L.A.-born, New York-based contemporary portraitist Kehinde Wiley is everywhere. His career-spanning survey at the Brooklyn Museum opens February 20, and the U.S. State Department awarded him the Medal of Arts in January. Now, the State Department’s Art in Embassies program has commissioned him to create a portrait of Santo Domingo students for the new U.S. Embassy in the Dominican Republic, an Art in Embassies spokeswoman confirmed to the Observer.
So far Mr. Wiley has visited with students from Santo Domingo art school Universidad de Santo Domingo—Facultad de Artes in and the Altos de Chavon School of Design in La Romana. Art in Embassies requested the work capture both the personalities of the portrait’s subjects and the country’s ethnic diversity, the spokeswoman said. The commission process started about two years ago, and the new U.S. Embassy in Santo Domingo was completed in June.

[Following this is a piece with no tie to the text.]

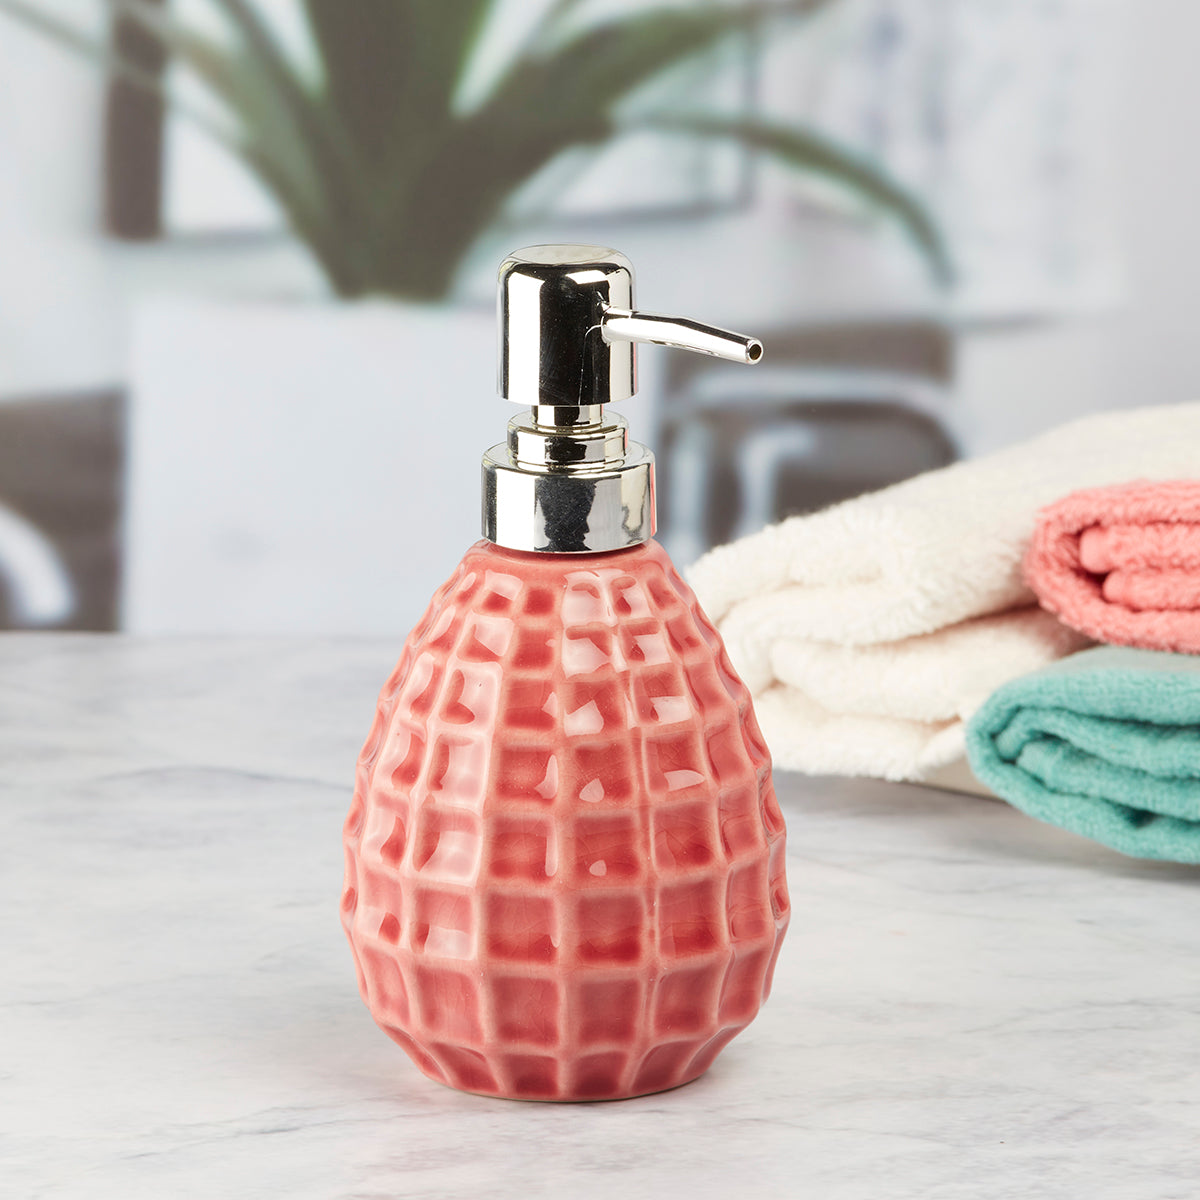 Ceramic Soap Dispenser handwash Pump for Bathroom, Set of 1, Peach (7626)

Mr. Wiley is known for oil paintings that replace European aristocrats in Old Masters portraits with contemporary African-American subjects. He initially chose his subjects among men and women he passed on the street in Harlem, and for his multi-city project “The World Stage” he expanded his reach to portraits of locals in Jamaica, China, and France, among other cities.
Mr. Wiley often invites his subjects to choose the traditional painting he inserts them into, offering them a collaborative role in the process. He has a BFA from the San Francisco Art Institute and an MFA from Yale, and in 2002 he was named Artist in Residence at the Studio Museum in Harlem.
Curator of the U.S. Embassy’s art collection in the Dominican Republic, Virginia Shore, cited Mr. Wiley’s celebrated group portraits, his personal connection to the country and the international focus of “The World Stage” as influences for the commission. Mr. Wiley spent time in neighboring Haiti for his most recent “World Stage” installment.